Exercise prompt: Please reproduce the listing word for word. Pictures stay out.

Data block:
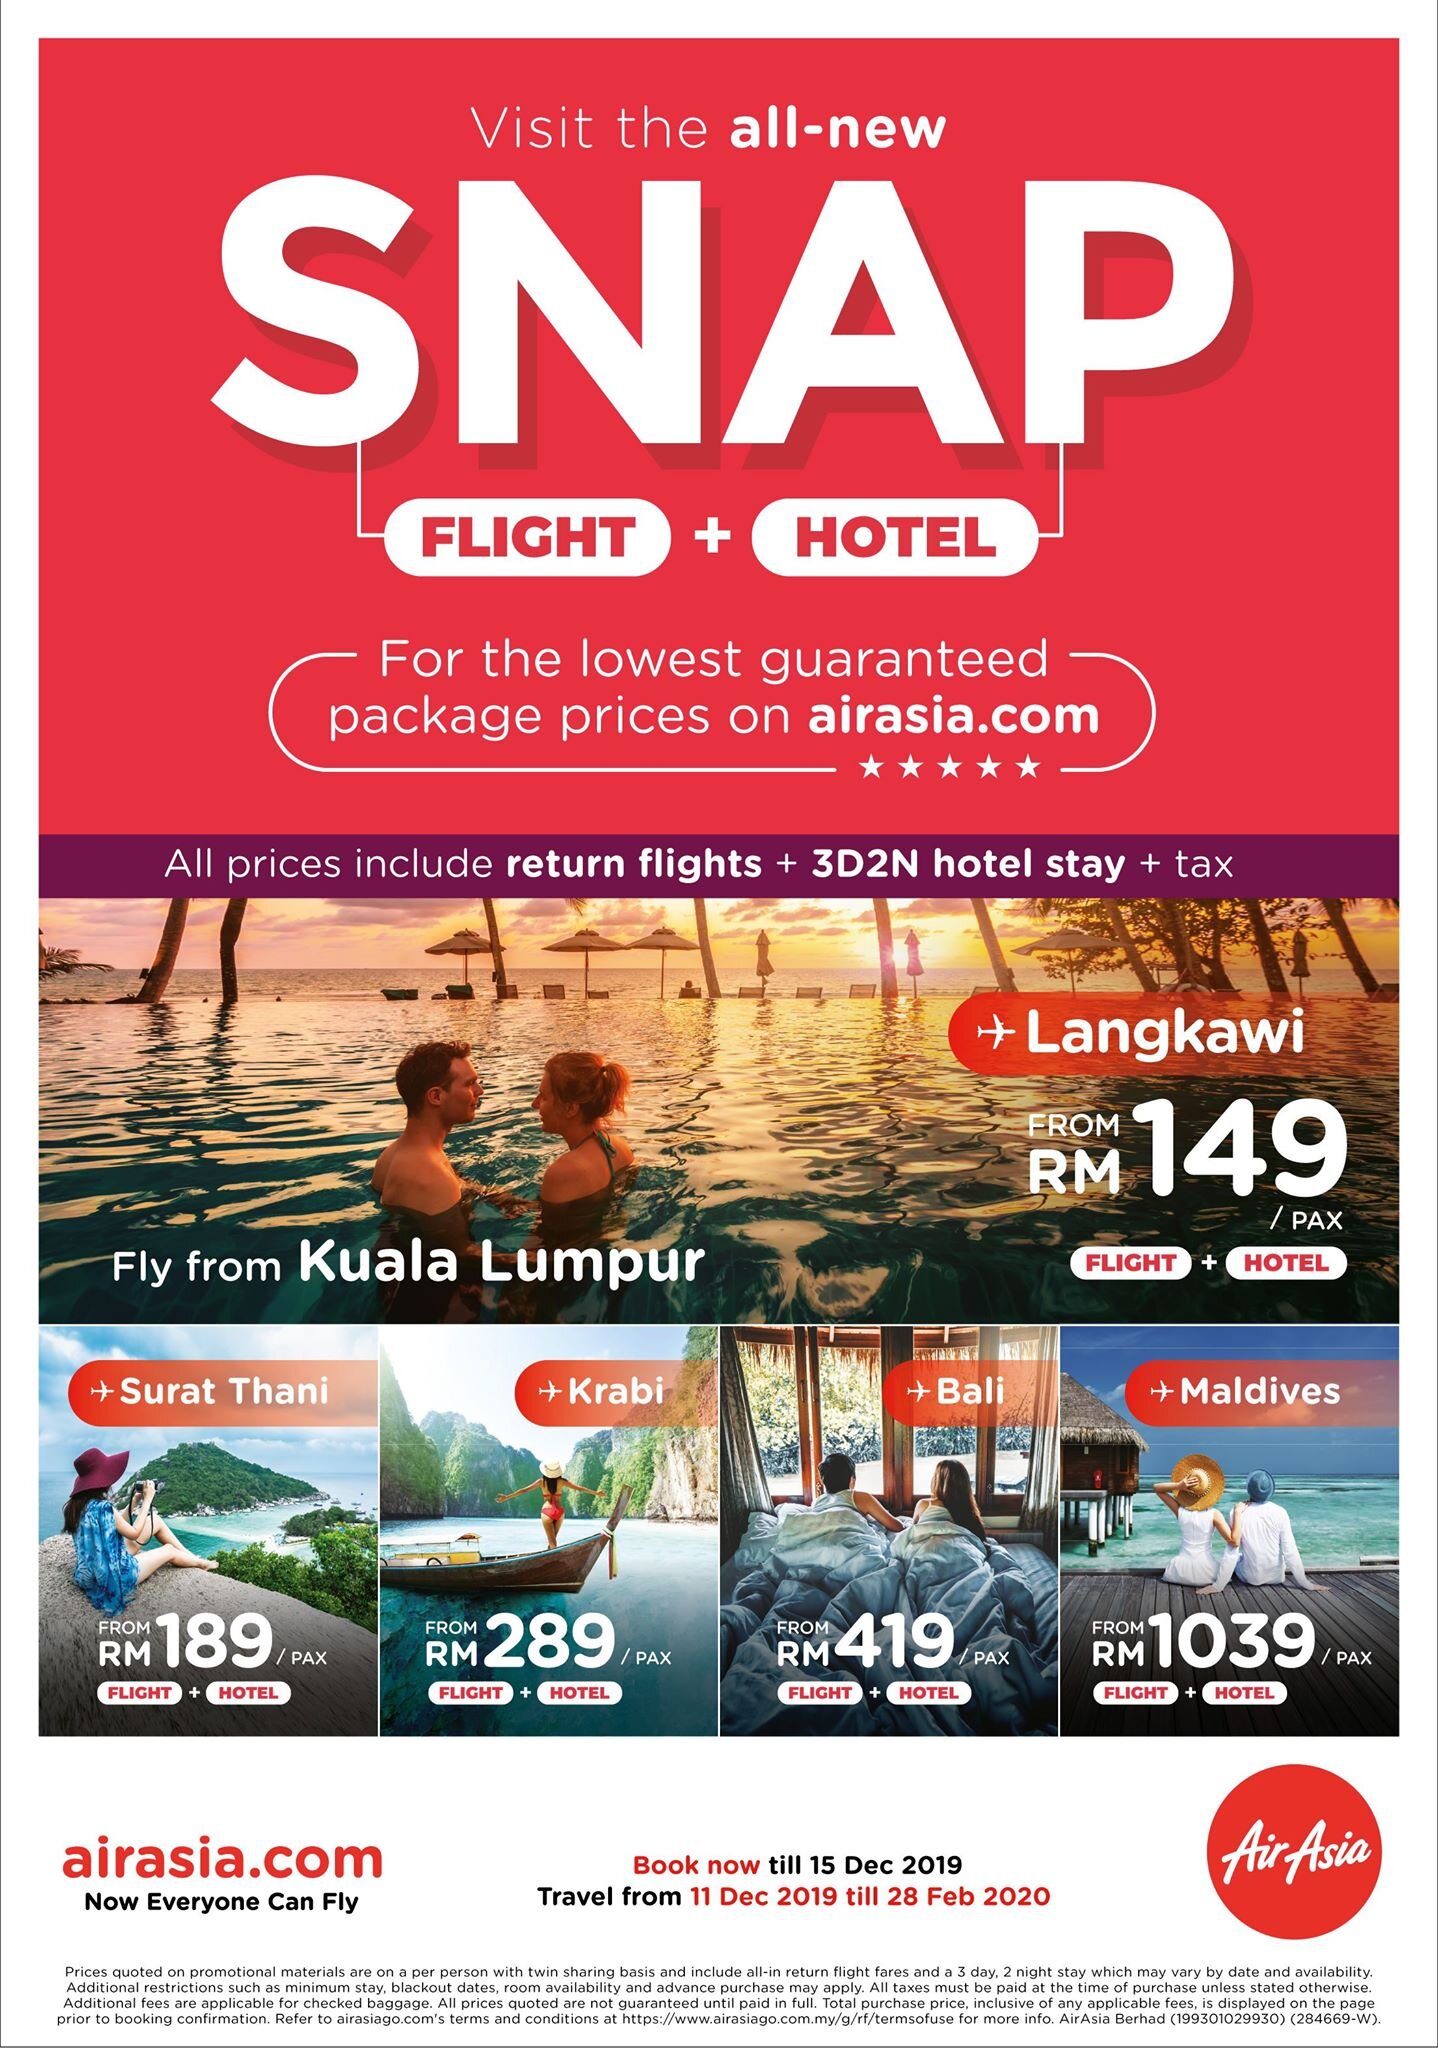 Airasia Com Offers Best Value For Money Flight Hotel Packages With Snap Airasia Newsroom
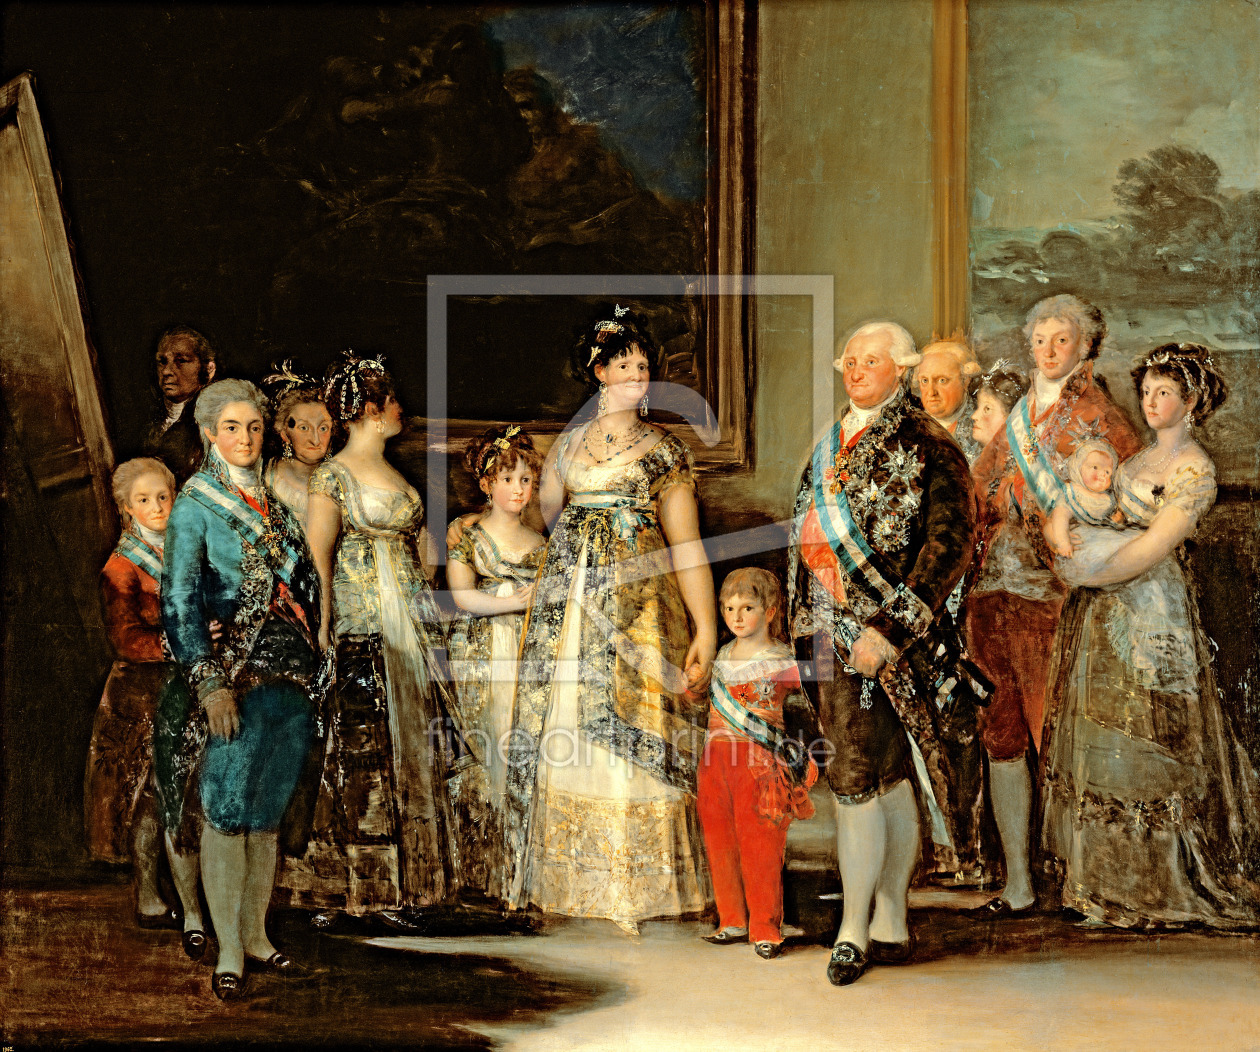 Bild-Nr.: 31000559 The King and Queen of Spain, Charles IV and Maria Luisa, with their family, 1800 erstellt von Goya, Francisco de
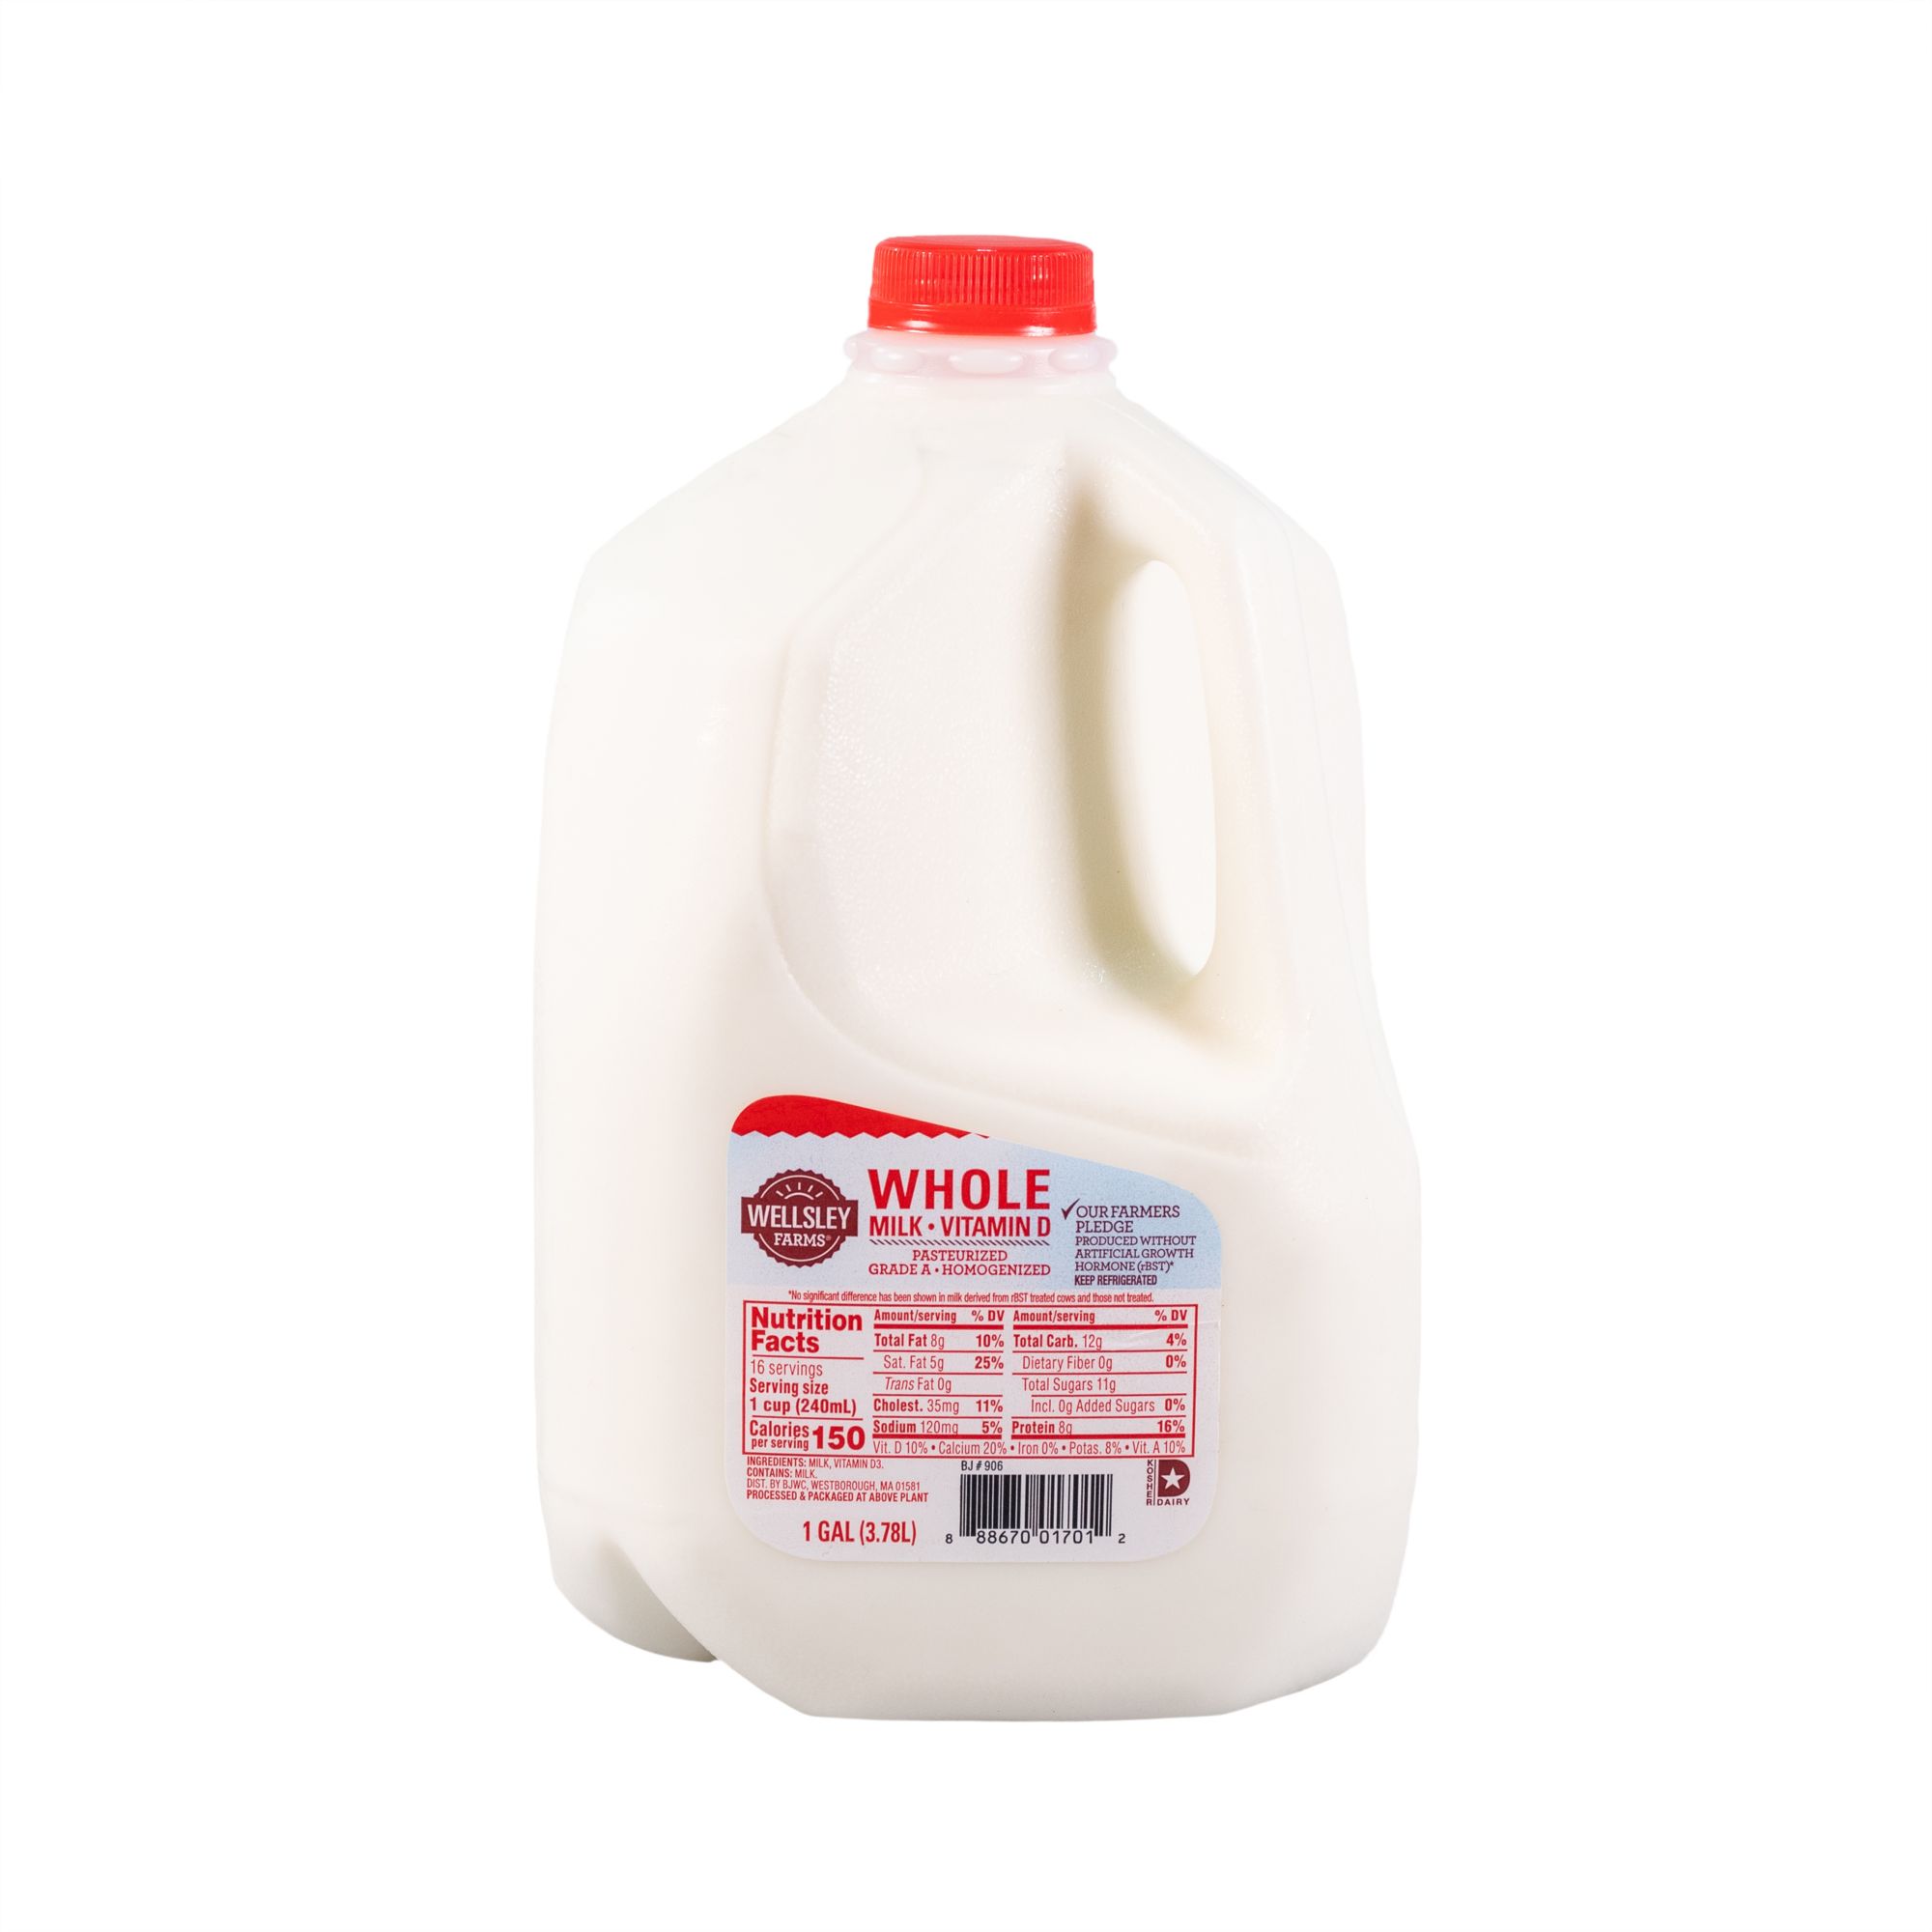 Nestle Nan Optipro 1 Baby Dry Milk Mix 800g ❤️ home delivery from the store

Reply to the exercise:
 Airasia Com Offers Best Value For Money Flight Hotel Packages With Snap Airasia Newsroom
 Bild-Nr.: 31000559 The King and Queen of Spain, Charles IV and Maria Luisa, with their family, 1800 erstellt von Goya, Francisco de
 Nestle Nan Optipro 1 Baby Dry Milk Mix 800g ❤️ home delivery from the store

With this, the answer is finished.